Former Benue State SSG Dies After Bandit Ambush

Former Benue State SSG Dies After Bandit Ambush

A former Secretary to the Benue State Government, Professor David Salifu, has died after sustaining severe gunshot wounds during a highway ambush by suspected bandits. The academic and politician succumbed to his injuries early Friday morning at the Benue State University Teaching Hospital in Makurdi. The attack occurred on Thursday along the notorious Wukari-Zaki Biam road, a volatile transport artery linking Taraba and Benue states. Professor Salifu served as the state’s chief administrative officer under the previous administration of Governor Gabriel Suswam. Until his death, he worked as a senior lecturer at the Federal University, Wukari.

The fatal encounter unfolded on the outskirts of Wukari as the former official journeyed toward the Benue State capital. Armed men intercepted his vehicle, forced it to a halt, and ordered him to dismount and board a waiting motorcycle. Witnesses reported that the professor vigorously challenged the directives of his captors, prompting the gunmen to open fire at close range. The assailants quickly fled the scene into nearby brush as trailing commuters approached the bloodstained vehicle. The brazen roadside assault underscores the absolute lawlessness that continues to dominate inter-state transit routes across the middle belt region.

University authorities scrambled a medical team and an emergency ambulance to manage the crisis after local clinics proved inadequate. Initial plans to airlift the critically wounded academic to a specialised trauma centre in Abuja were aborted as his vital signs deteriorated rapidly. Doctors redirected the emergency vehicle to Makurdi, where emergency surgeons fought for hours to stabilise his condition. Close political associates confirmed his demise, describing the loss of the veteran campaign strategist as a devastating blow to the regional intelligentsia. The Taraba State Police Command has launched a forensic investigation into the highway murder.

The killing adds to a grim tally of high-profile casualties claimed by rural bandit syndicates over recent months. Just days earlier, coordinated militia raids in the nearby Katsina-Ala local government enclave left 15 rural villagers dead. The border zones between Benue and Taraba have transformed into ungovernable spaces where criminal gangs operate with near-total impunity. Despite frequent military deployments, these mobile networks routinely outmanoeuvre conventional checkpoints to hunt vulnerable commuters. Regional leaders continue to accuse the federal government of failing to deploy permanent highway patrols along known criminal corridors.

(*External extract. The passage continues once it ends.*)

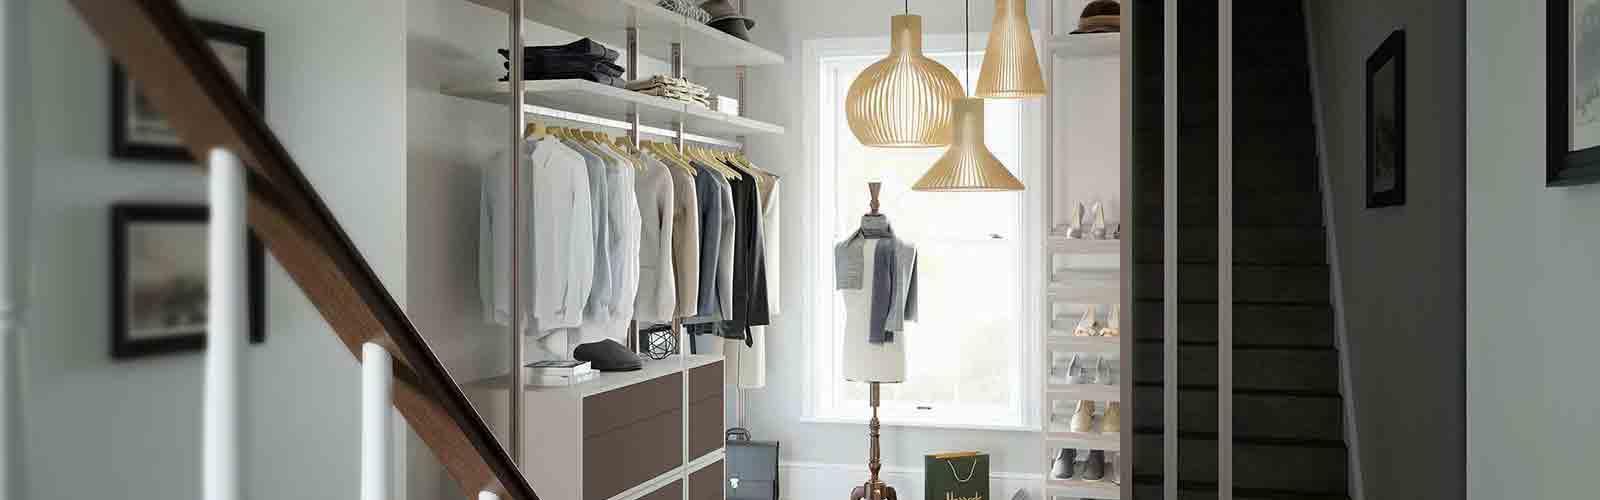 Home Decor Creative Living

This latest tragedy will intensify public pressure on Governor Hyacinth Alia to overhaul the state’s internal security framework. The persistent vulnerability of prominent senior citizens demonstrates that nobody is safe from the expanding reach of rural terrorism. Frustrated residents are increasingly calling for the aggressive arming of local vigilante groups to counter the superior firepower of highway bandits. While political elites in Abuja debate national policing reforms, rural professors and peasants continue to pay the ultimate price. For now, a prominent voice in Benue politics has been permanently silenced by a roadside bullet.